Requirement
Apart from the images, repeat the data below exactly as written.

Dataset excerpt
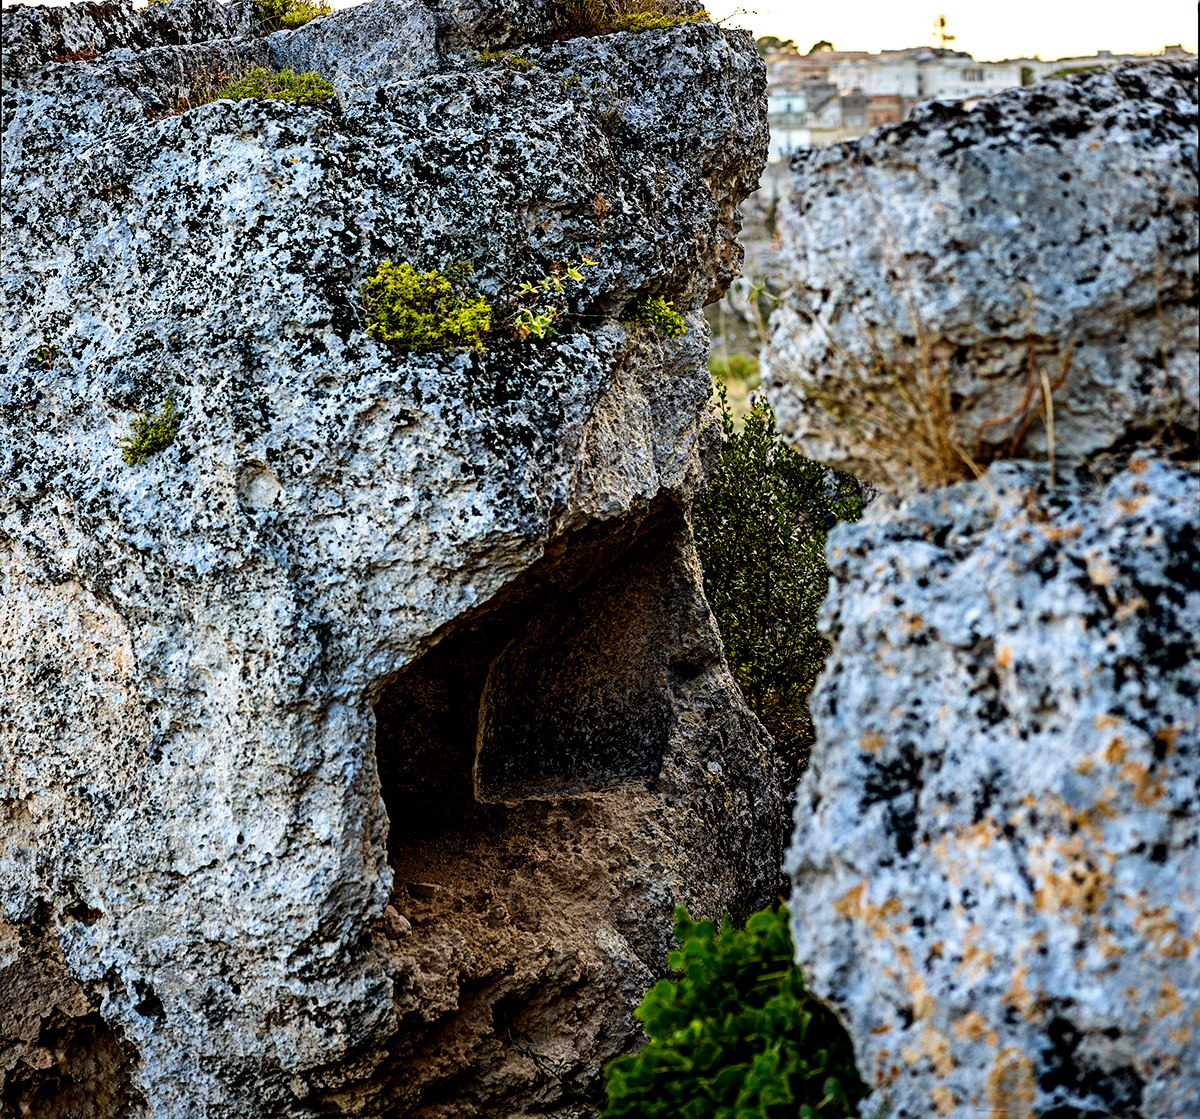 matera UNESCO cultural heritage city culture 2019 south Italy stones Nature Landscape historic rural monnalisa Caves
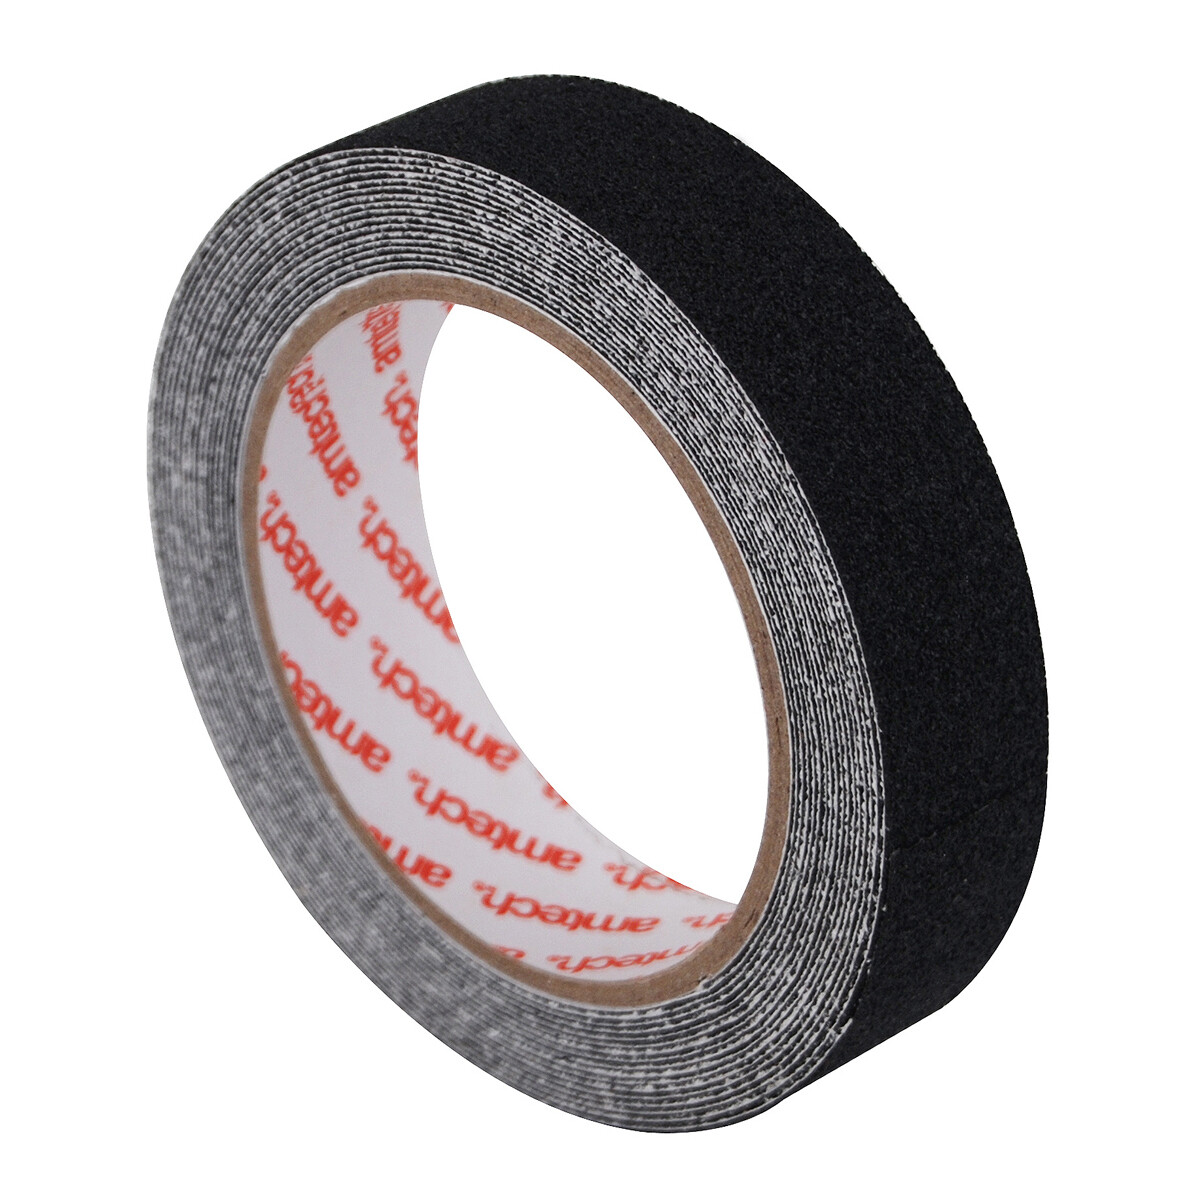 Roll of waterproof anti-slip grip tape (5m x 24mm)
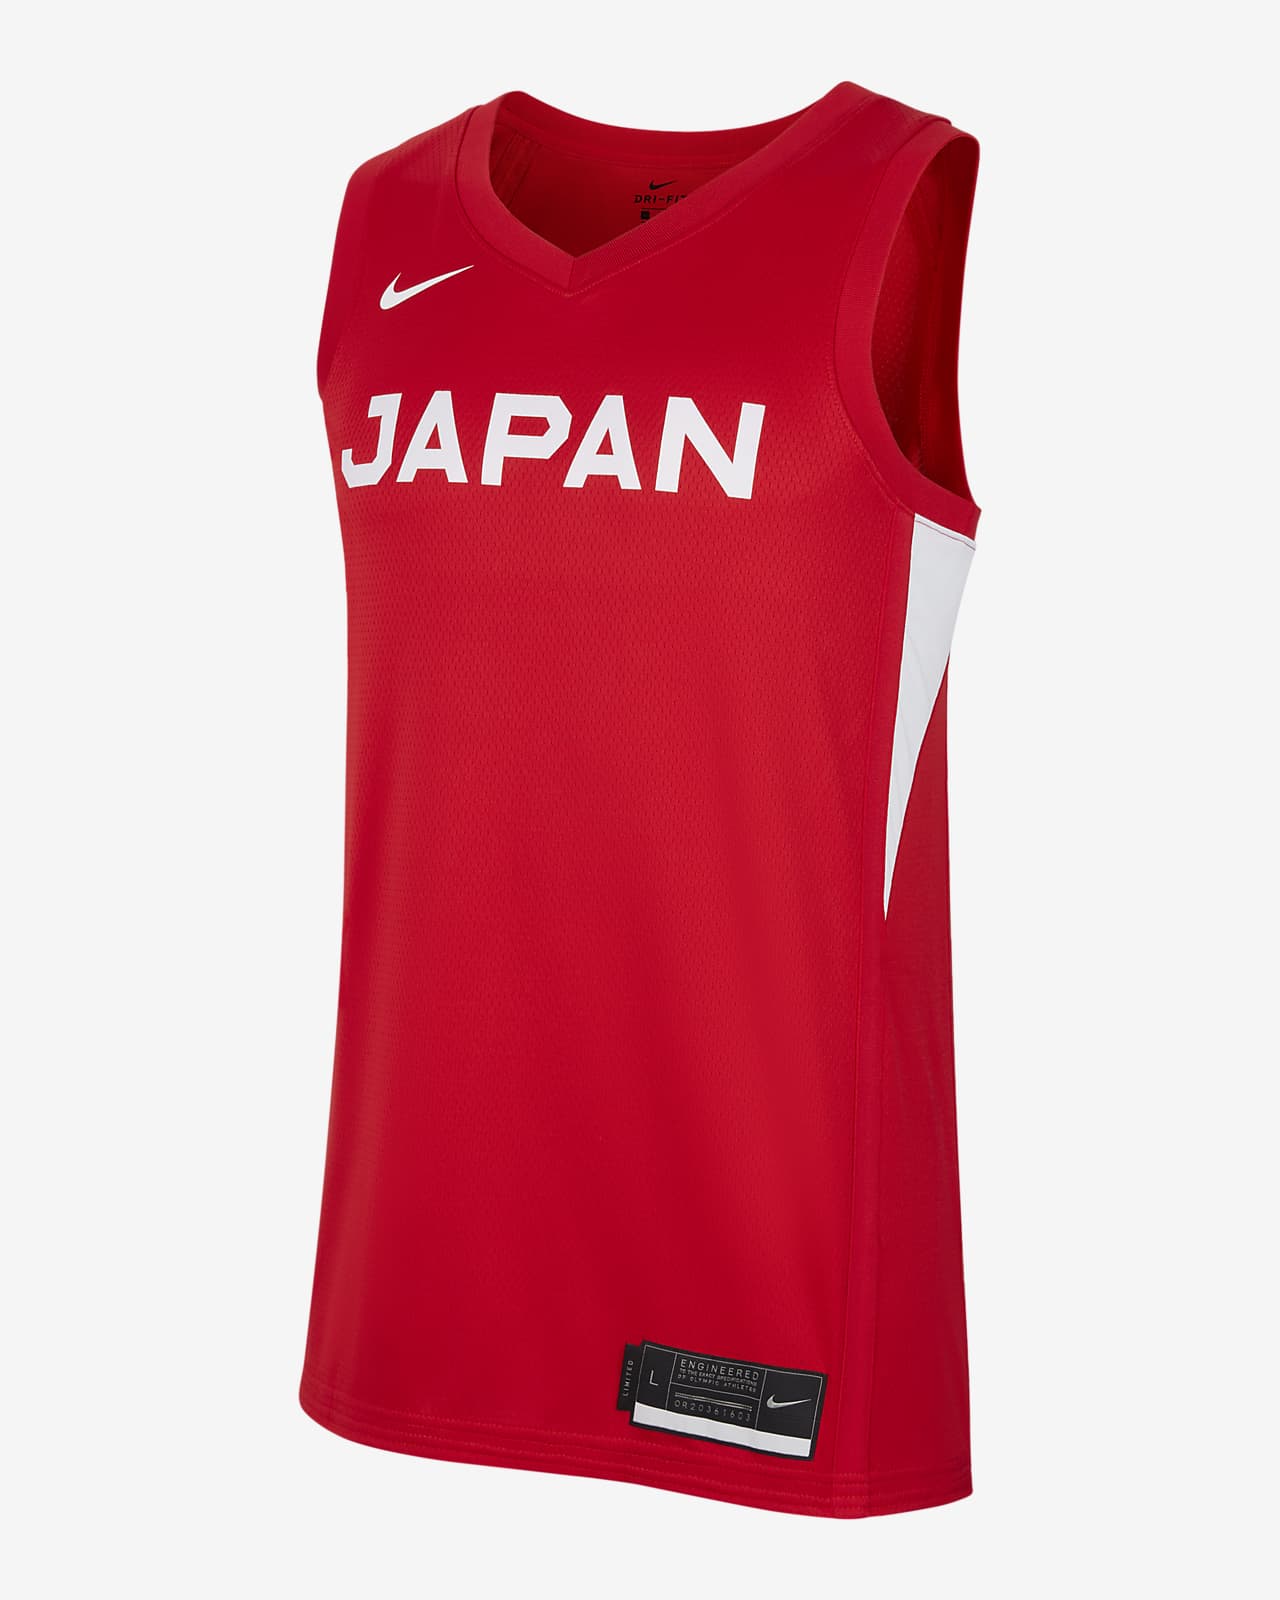 Japan (Road) Limited Men's Nike Basketball Jersey
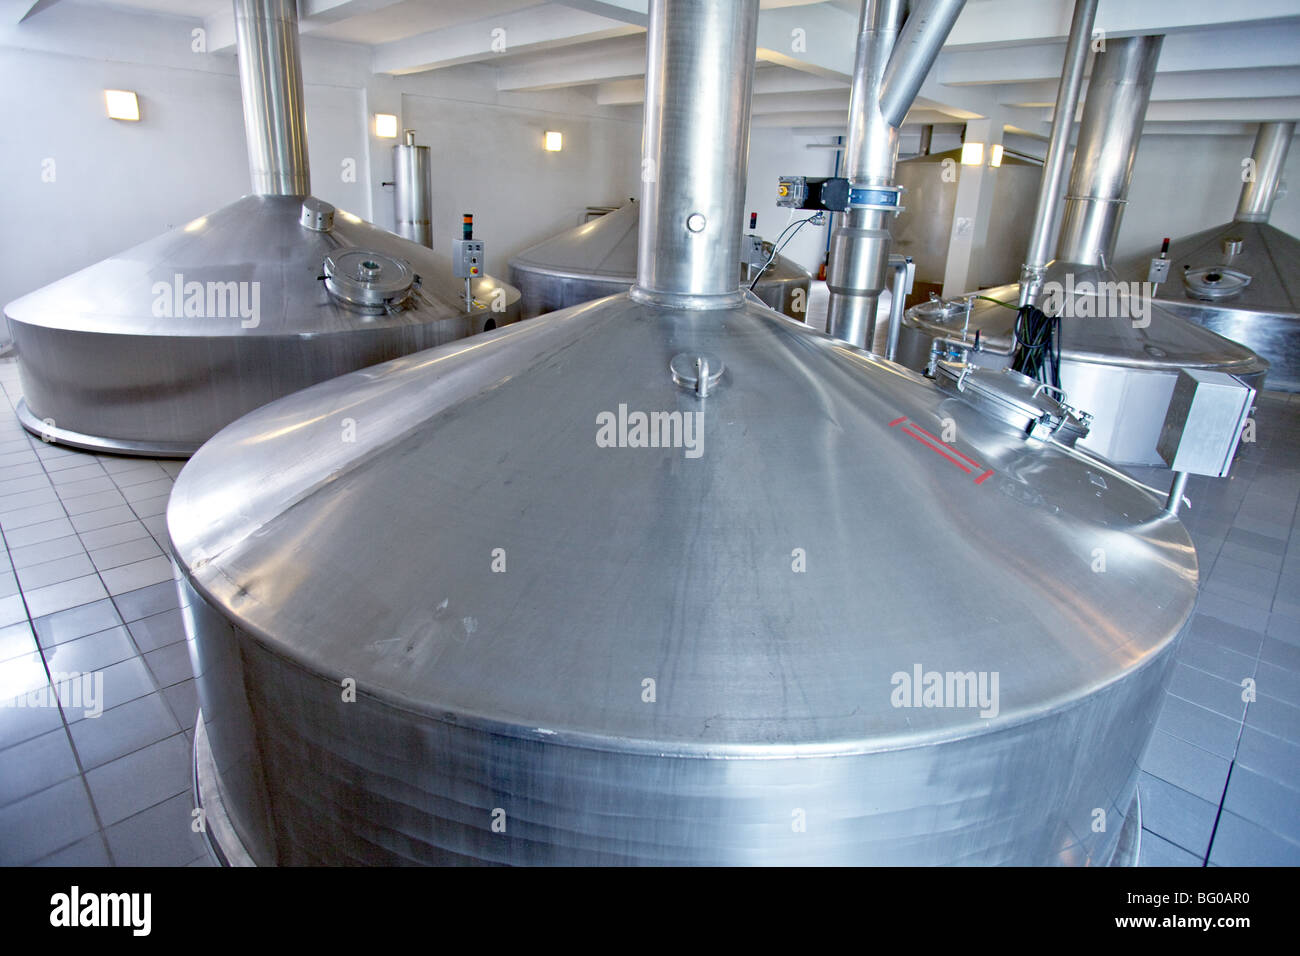 https://c8.alamy.com/comp/BG0AR0/modern-beer-brewing-kettle-in-a-brewery-in-poland-BG0AR0.jpg

Answer to this problem
 matera UNESCO cultural heritage city culture 2019 south Italy stones Nature Landscape historic rural monnalisa Caves
 Roll of waterproof anti-slip grip tape (5m x 24mm)
 Japan (Road) Limited Men's Nike Basketball Jersey
 https://c8.alamy.com/comp/BG0AR0/modern-beer-brewing-kettle-in-a-brewery-in-poland-BG0AR0.jpg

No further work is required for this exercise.